Это сторона, по нашему мнению, связана с историческим опытом человечества,
каковой недвусмысленно свидетельствует: на всем протяжении истории
человеческого общества, с древнейших времен до наших дней на сто или даже
тысячу благих идей, сулящих разные блага в случае реализации соответствующих
нововведений, обычно лишь одна оказывается действительно конструктивной, да и
то не так, как представлялось ее первоначальному генератору, а так, как это
объективно реализовалось впоследствии, зачастую очень непохоже, порой прямо
противоположно замыслу инициатора. Что ж, таков путь прогресса. Что касается
остальных, то они на поверку оказываются либо пустоцветными, нереальными, либо,
что еще хуже — социально опасными, вредными, гибельными, теми самыми благими
намерениями, которые, как известно, ведут в ад. Наиболее
яркий пример — история социалистической мысли со времен Возрождения до наших
дней. Если
уподобить человеческие представления своего рода “популяциям идей”, то рутинные
мысли окажутся схожи с “нормальными особями” подобной популяции, а новаторские
— с мутантными. И чем оригинальнее идея — тем отвратительнее представляется
“мутант” нормальным особям, причем их отвращение к нему вполне рациональное,
поскольку скорее всего или чаще даже почти наверняка мутант — всего лишь урод,
потомство которого, если дать ему расплодиться, может привести к гибели
соответствующую популяцию. Разве не в точности так же относимся мы к уродам и
дебилам, разве не опасаемся гибельной для человечества опасности их
размножения? Однако столь
же хорошо известно, что мутация (не всякая, конечно, а оптимальная для
изменившихся условий) — двигатель прогресса. И если бы не мутация, органический
мир нашей планеты так и застрял бы на уровне каких-нибудь одноклеточных
водорослей, а то и на еще более примитивном. Во всяком случае, без мутации
человеку было ни за что не произойти ни от обезьяны, ни от кого бы то ни было
еще. И все же,
как мы только что указали, почти всякий мутант — урод, грозящий гибелью.

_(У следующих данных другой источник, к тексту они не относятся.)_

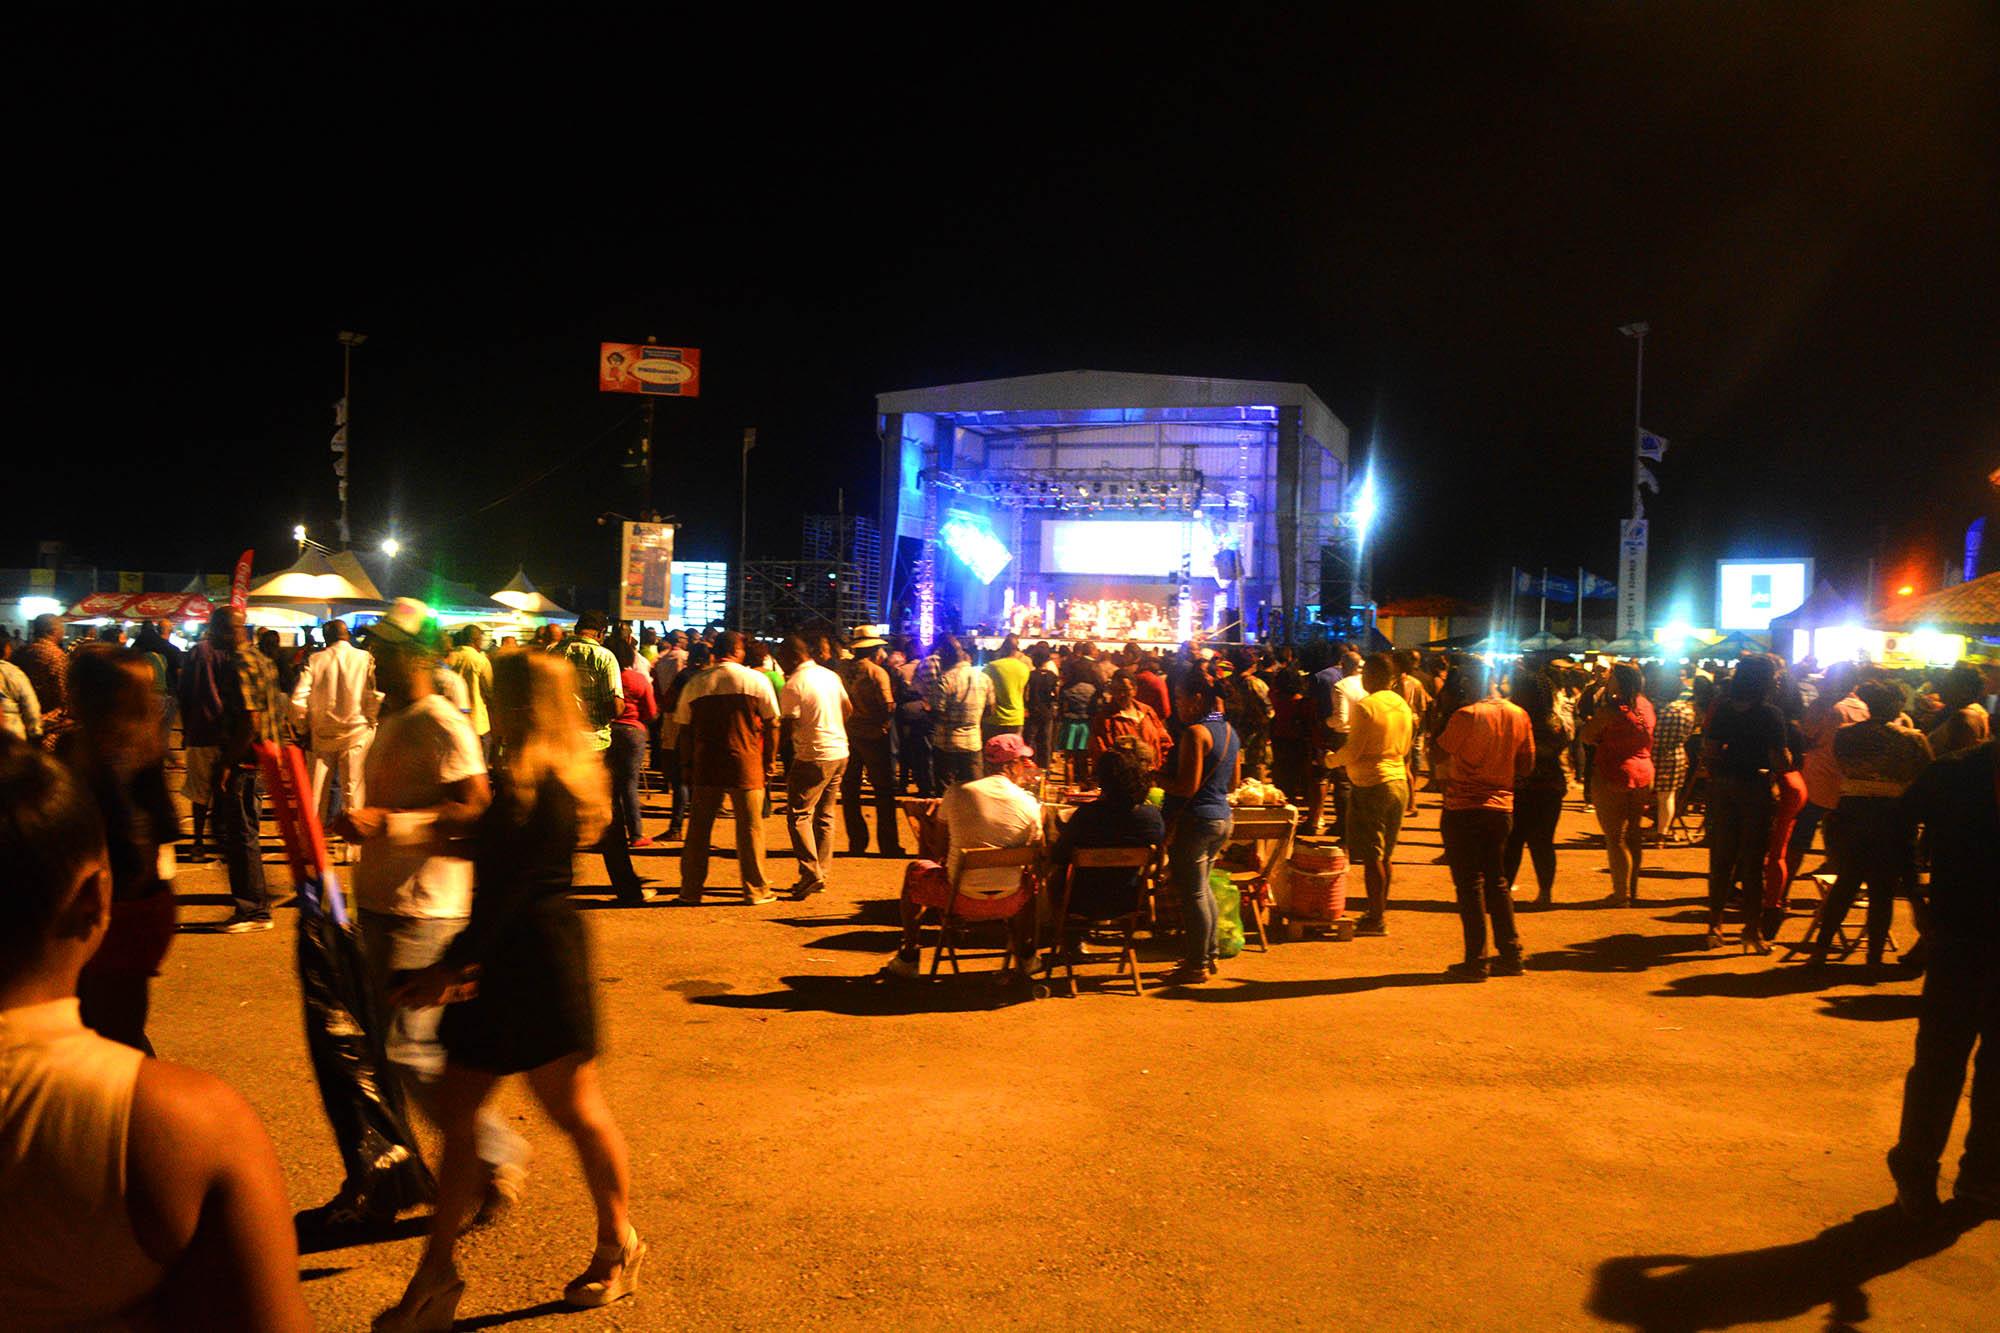 Tumbafestival geproduceerd door TeleCuracao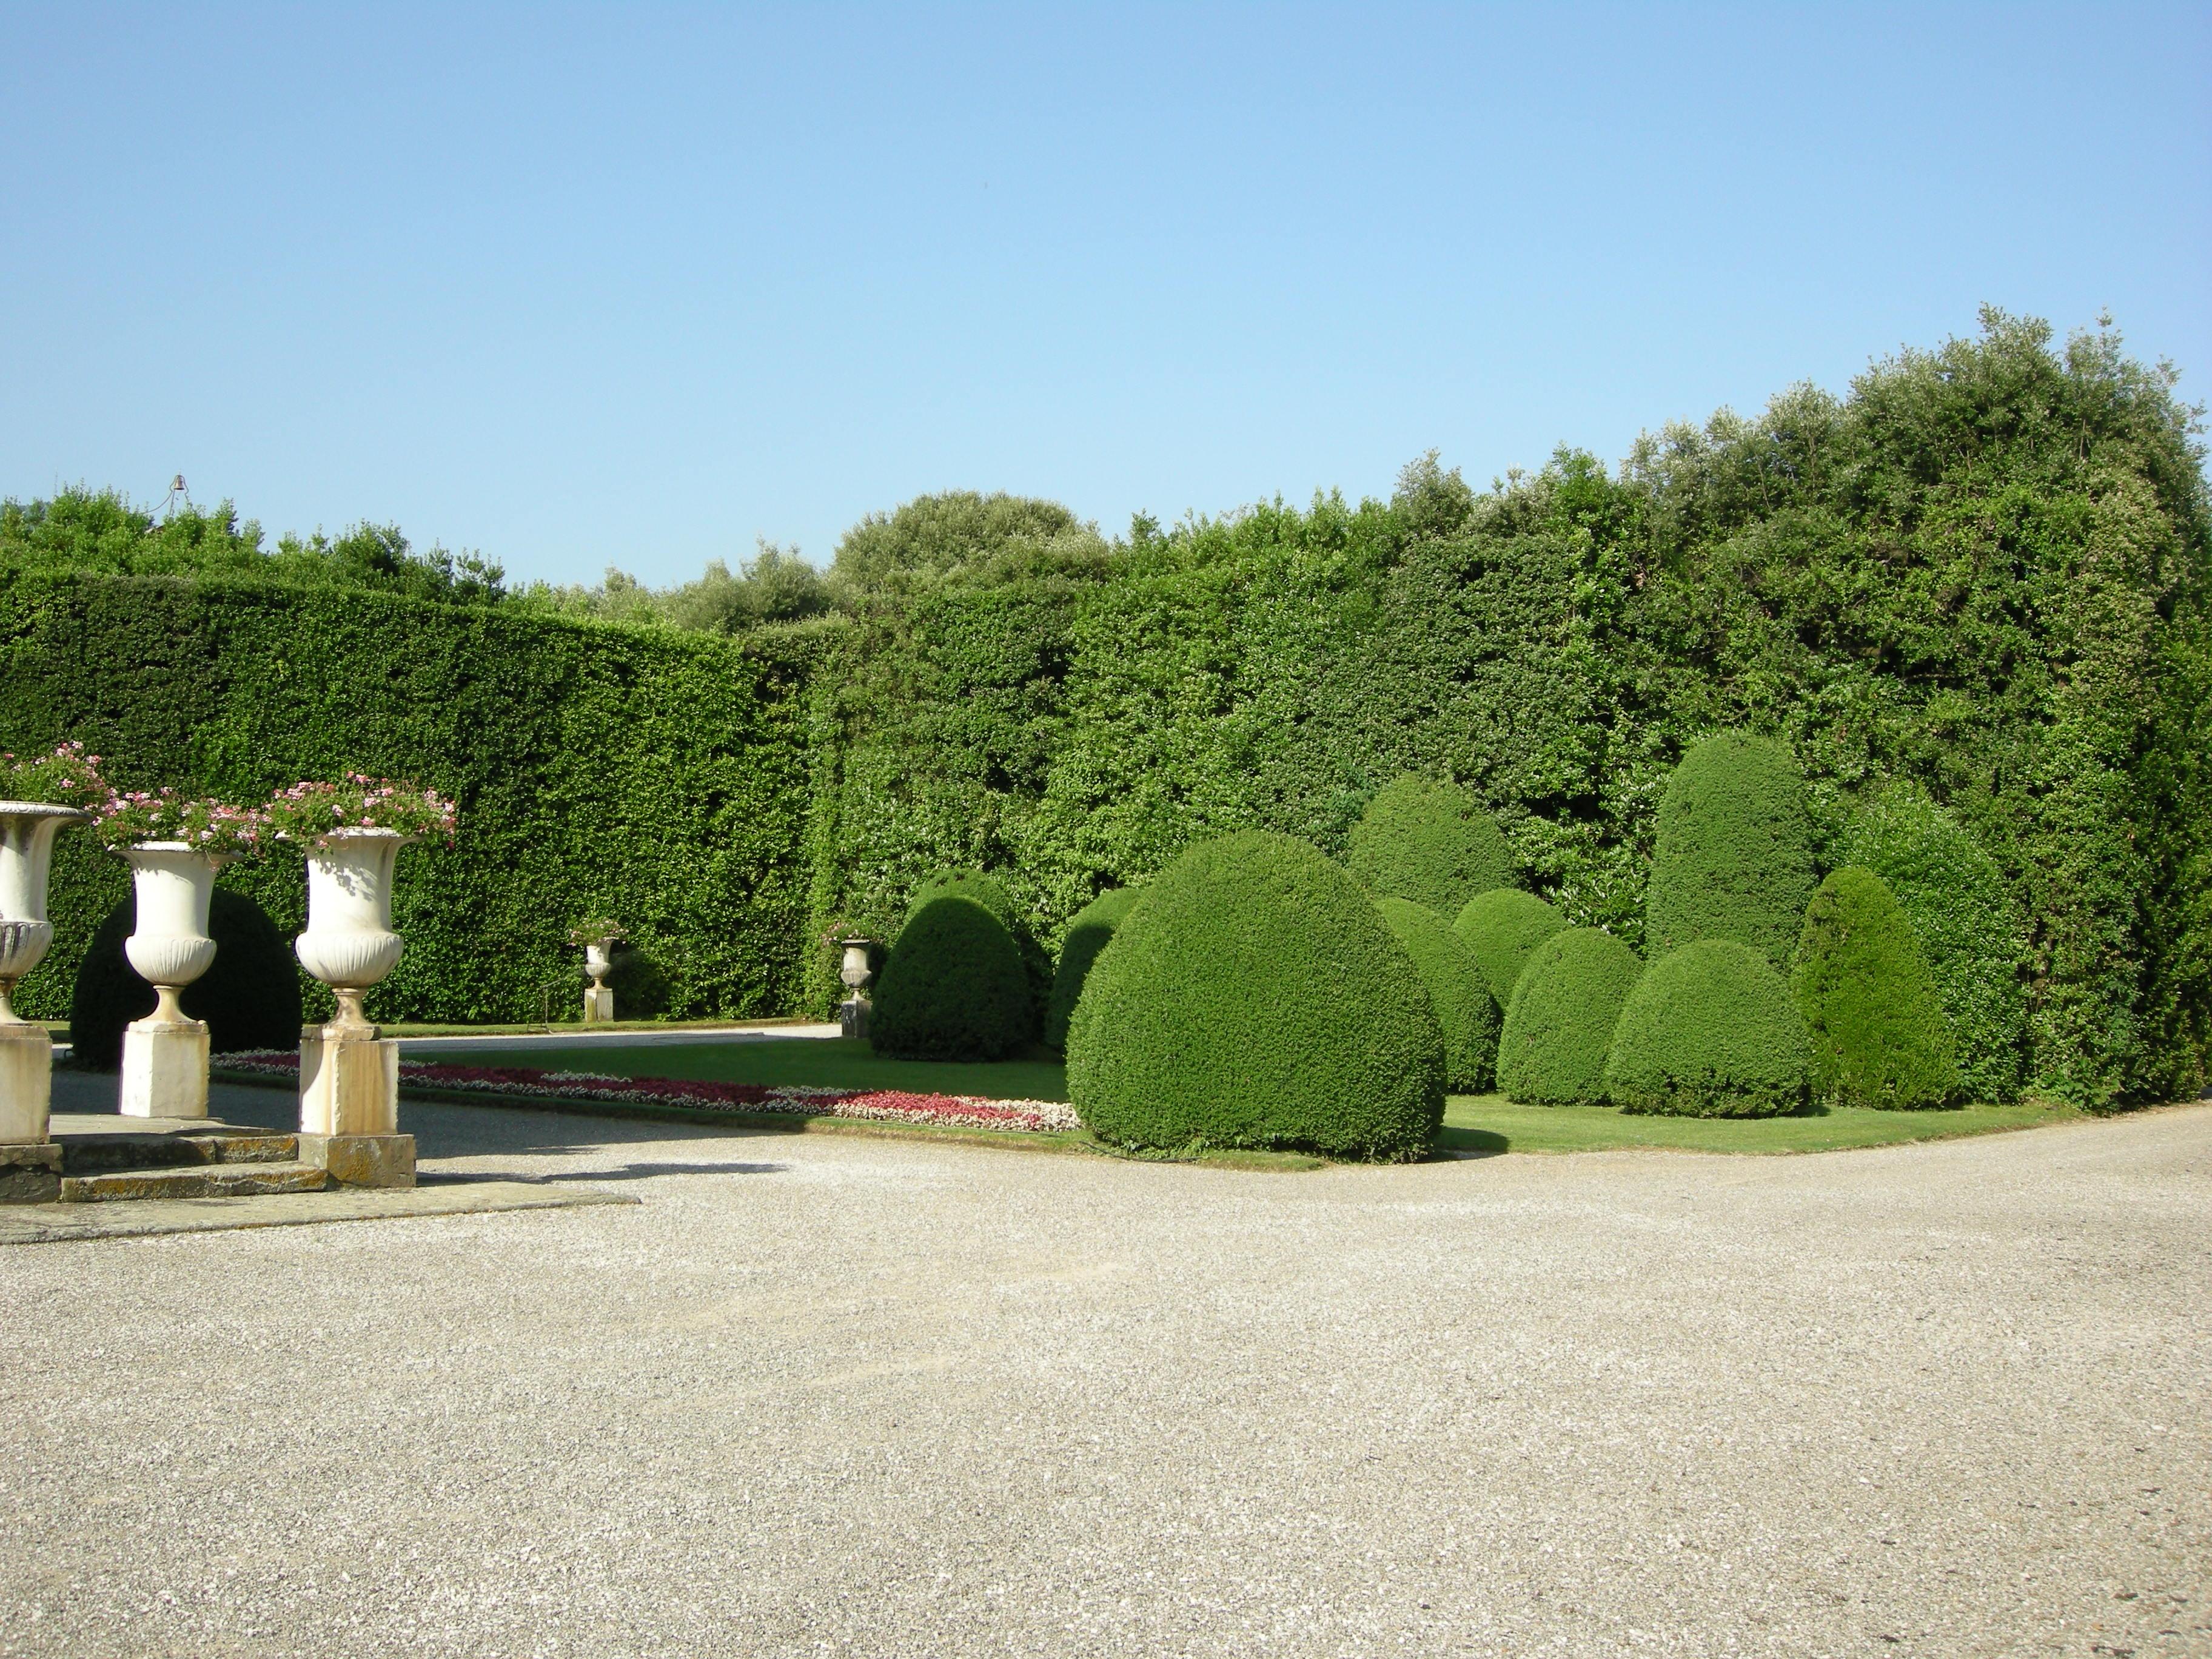 Siepi da giardino: le migliori specie arboree e la giusta distanza dal confine

Поэтому, на всякий случай, отношение ко всем мутантам — активно негативное. Тот
самый сперматозоид, который оплодотворит яйцо, должен очень постараться, чтобы
опередить других и доказать тем самым свои наилучшие генетические свойства,
способные передаться по наследству. По этой, довольно яркой, на наш взгляд,
аналогии та идея, порождающая нововведение, которая действительно не гибельна,
а позитивна, конструктивна, должна обязательно пройти возможно более суровый
искус, выдержать испытание на закалку, на неприятие. И если успешно преодолеет
— значит, жизнеспособна. А если нет — значит, нежизнеспособна. Подобная
философия очень огорчительна для новаторов, поскольку предполагает для
большинства из них скорбный путь Иисуса Христа (тоже несшего, как известно,
весьма значительные нововведения, причем, как оказалось, не только для своего
времени). Но что же делать? Если даже в суровой атмосфере неприятия нового то и
дело пробивают себе дорогу нововведения идиотические, разрушительные, гибельные
(примеров несть числа: вспомним хотя бы все более легко доступные разновидности
наркотиков), то нетрудно представить себе, что произошло бы, если бы
человечество встречало “на ура” любые предлагаемые нововведения, так сказать, с
порога. Впрочем,
история нашей страны на протяжении ряда последних десятилетий явила миру
достаточное количество ярчайших примеров, что именно происходит, когда едва
родившееся нововведение без малейшего критического восприятия встречают бурей
аплодисментов, переходящих в овации. Так что здесь дальнейшие комментарии
излишни. Два вывода
проистекают из только что описанного нами феномена “футурофобии” в обыденном
сознании: 1.
“Футурофобия”, в известном смысле, играет положительную роль для отбраковки
идей (обычно — подавляющего большинства почти всех идей той или иной
направленности), способных привести к порождению нововведений опасных,
гибельных для общества. И поскольку инновационные силы сегодня значительно
мощнее, все чаще успешно одолевают спасительный для общества “эффект
футурофобии”, необходимы искусственные механизмы, имитирующие его, для
“испытания на прочность”, точнее, на конструктивность каждого нововведения. В
этих механизмах важную роль призваны сыграть различные способы “взвешивания”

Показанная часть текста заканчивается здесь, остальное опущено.